Before processing all files, we evaluate OCR quality on a sample image part for evaluation(source: [Deutsche Zeitung, Ausgaben am Montag, 23.12.1918](https://zefys.staatsbibliothek-berlin.de/kalender/auswahl/date/1918-12-23/30744015/)):
![sample.jpg](sample.jpg)

Let us OCR it:

In [None]:
import pytesseract
from PIL import Image

In [None]:
ocr_output = pytesseract.image_to_string(Image.open('sample.jpg'), lang='frk')  # using German fraktur OCR model

In [None]:
print(ocr_output)

#### 2.1.1 Manually create  the 'ground truth' to evaluate against

In [None]:
ground_truth = input('Please insert corrected string: ')

In [None]:
print(ground_truth)

#### 2.1.2 Measure OCR precision, recall and F-measure

In the context of Optical Character Recognition (OCR), precision, recall, and F-measure are metrics used to evaluate the accuracy and efficiency of OCR systems in converting images of typed, handwritten, or printed text into machine-encoded text.
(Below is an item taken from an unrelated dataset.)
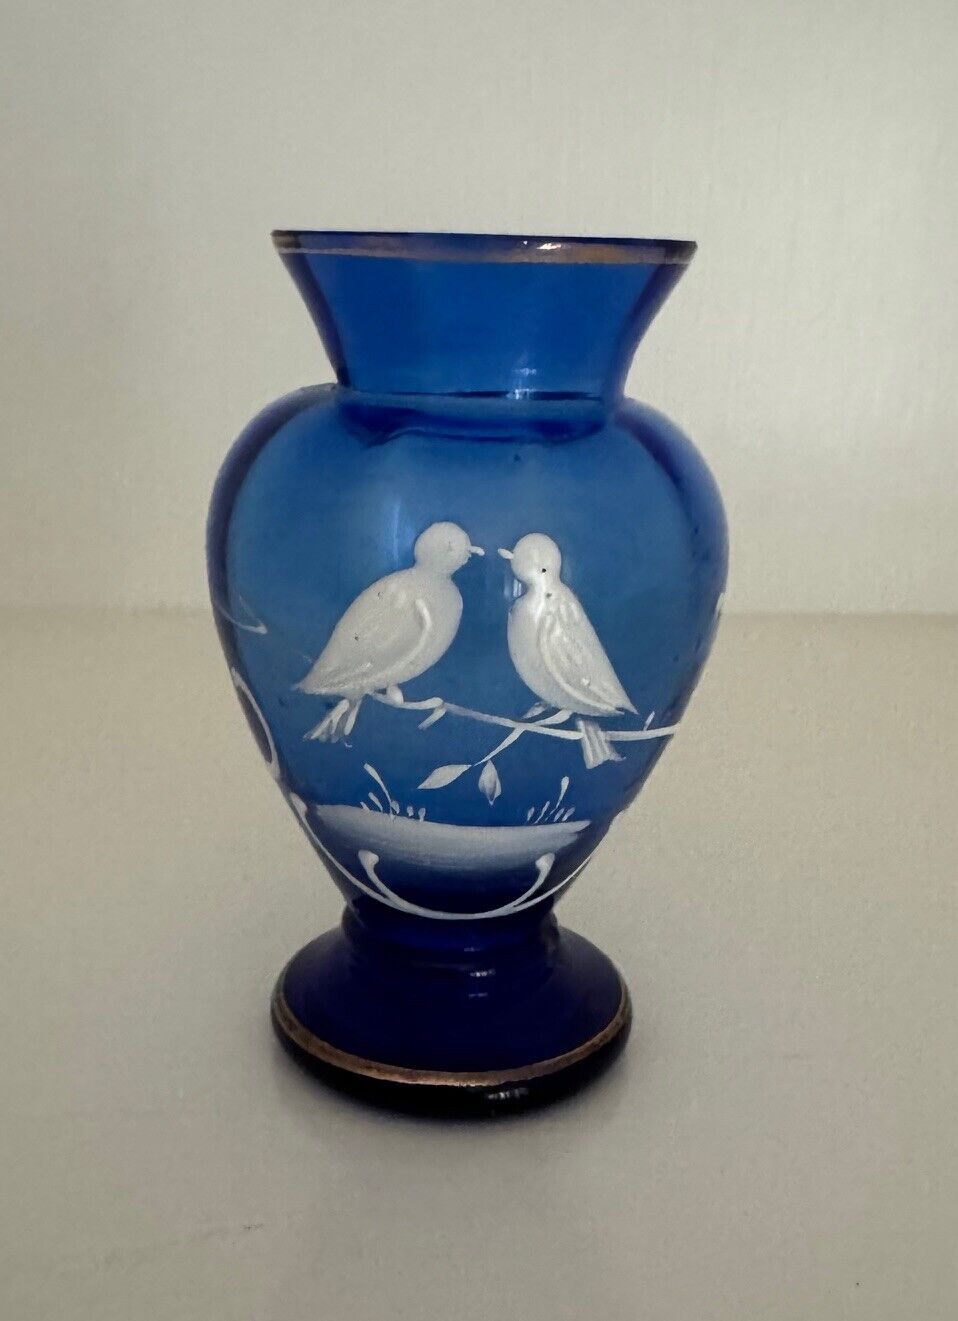  UNIQUE VINTAGE LATE 1940'S SMALL GERMAN BLUE GLASS VASE WITH 2 BIRDS MOTIF

These metrics help to understand how well an OCR system performs, especially in terms of correctly identifying characters, words, or specific information within documents. Here's how these metrics apply to OCR quality evaluation:

###### Precision in OCR
In OCR, precision measures the accuracy of the recognized text against the actual text in the document images. It calculates the proportion of correctly identified characters or words out of all the characters or words that the OCR system identified. High precision means that most of the text the OCR system identified as present in the document was actually correct, indicating fewer false positives (i.e., incorrectly identified as present).

![](precision.png)

##### Recall in OCR
Recall in the context of OCR measures the OCR system's ability to capture all the relevant characters or words from the document images. It is the ratio of the correctly identified characters or words to all the characters or words that are actually present in the documents. High recall indicates that the OCR system is able to identify most of the actual text present, minimizing false negatives (i.e., failing to recognize text that is there).

![](recall.png)

##### F-measure (F1 Score) in OCR
The F-measure or F1 score in OCR provides a single metric that combines both precision and recall to give a balanced view of the OCR system's overall performance. Since precision and recall have a trade-off (improving one can often lead to a reduction in the other), the F1 score helps to evaluate the OCR system's effectiveness at recognizing text accurately while minimizing both false positives and false negatives.

![](fmeasure.png)

These metrics are critical for assessing OCR systems, particularly in applications where the accuracy of text recognition directly impacts the outcome, such as document automation, data extraction from scanned documents, and automated processing of handwritten forms. A balance between high precision and high recall is often desired to ensure that the OCR system is both accurate and comprehensive in its text recognition capabilities.

In [None]:
from aux.measure_ocr_quality import measure_ocr_quality

In [None]:
precision, recall, f_score = measure_ocr_quality(ocr_output, ground_truth)

In [None]:
print(f'Precision: {round(precision, 4)}\nRecall: {round(recall, 4)}\nF1-score: {round(f_score, 4)}')